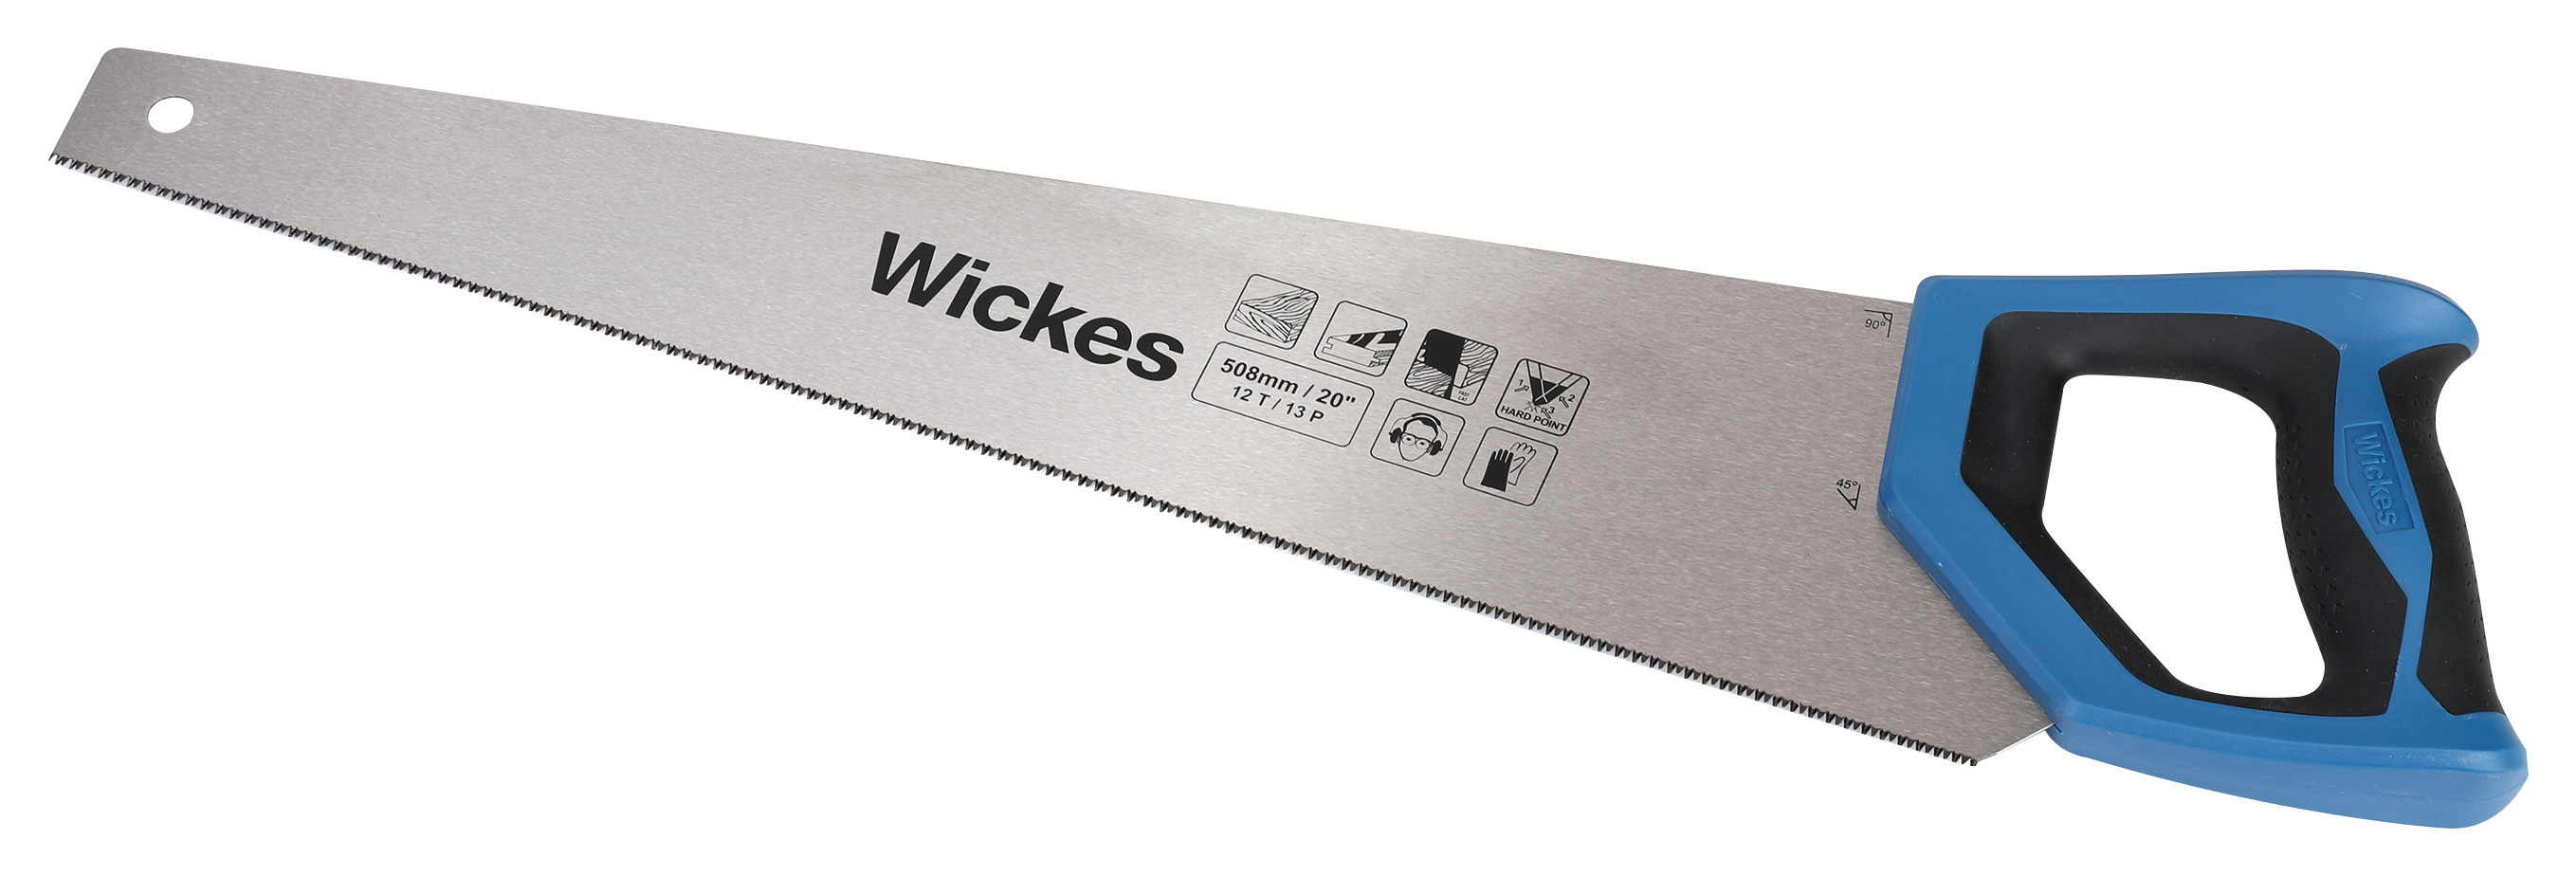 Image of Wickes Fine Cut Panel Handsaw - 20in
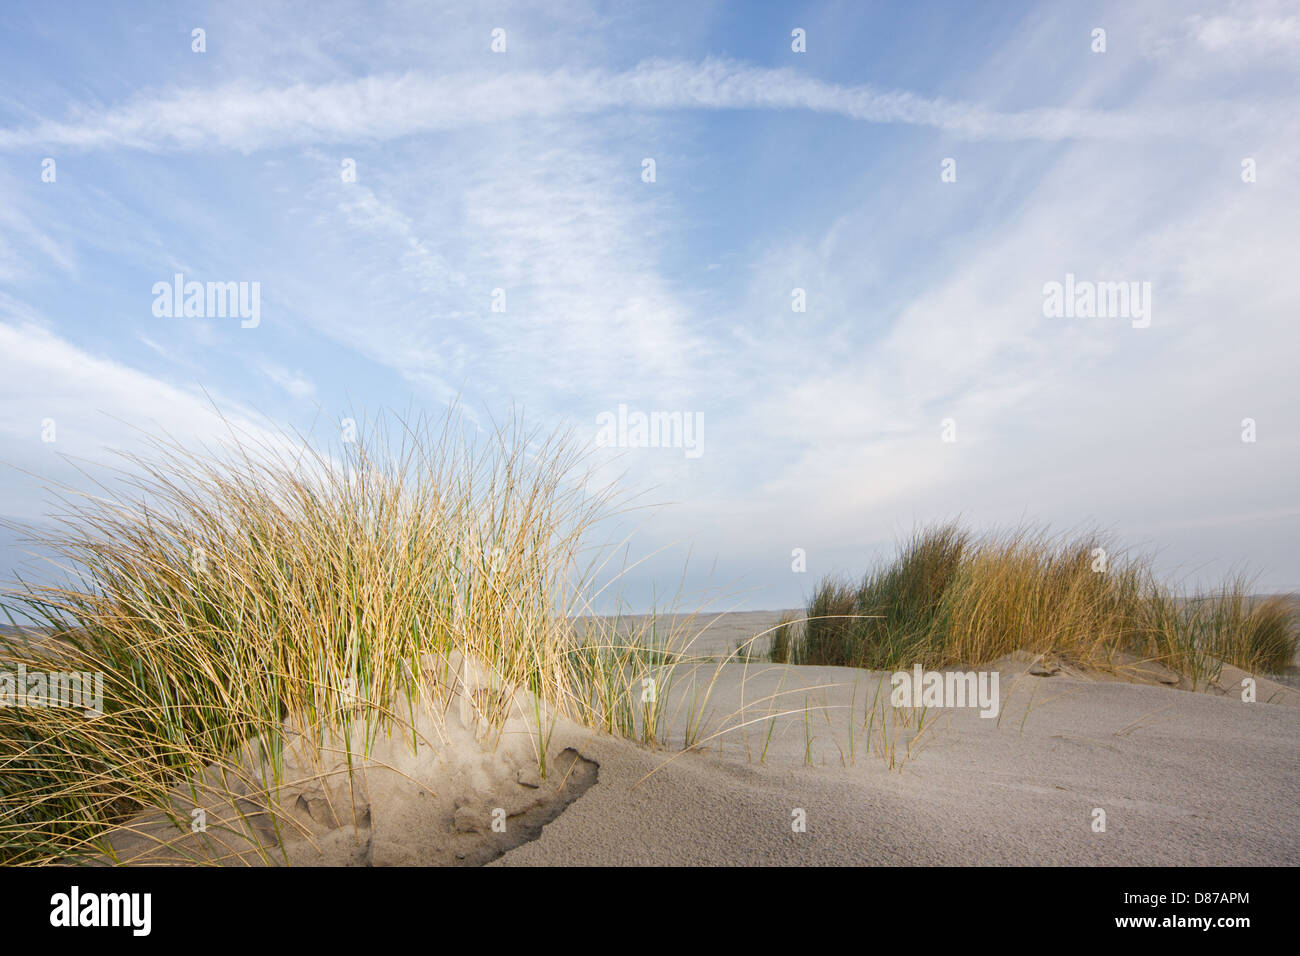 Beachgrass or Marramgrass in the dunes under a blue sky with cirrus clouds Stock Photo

---

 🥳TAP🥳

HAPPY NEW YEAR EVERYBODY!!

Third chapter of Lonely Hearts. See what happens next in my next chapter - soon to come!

TASK ITEM
Everything above from the line containing "HAPPY NEW YEAR EVERYBODY!!" through the line containing "Third chapter of" must be copied exactly. Nothing outside that range belongs in the answer.

ANSWER BOX
HAPPY NEW YEAR EVERYBODY!!

Third chapter of Lonely Hearts. See what happens next in my next chapter - soon to come!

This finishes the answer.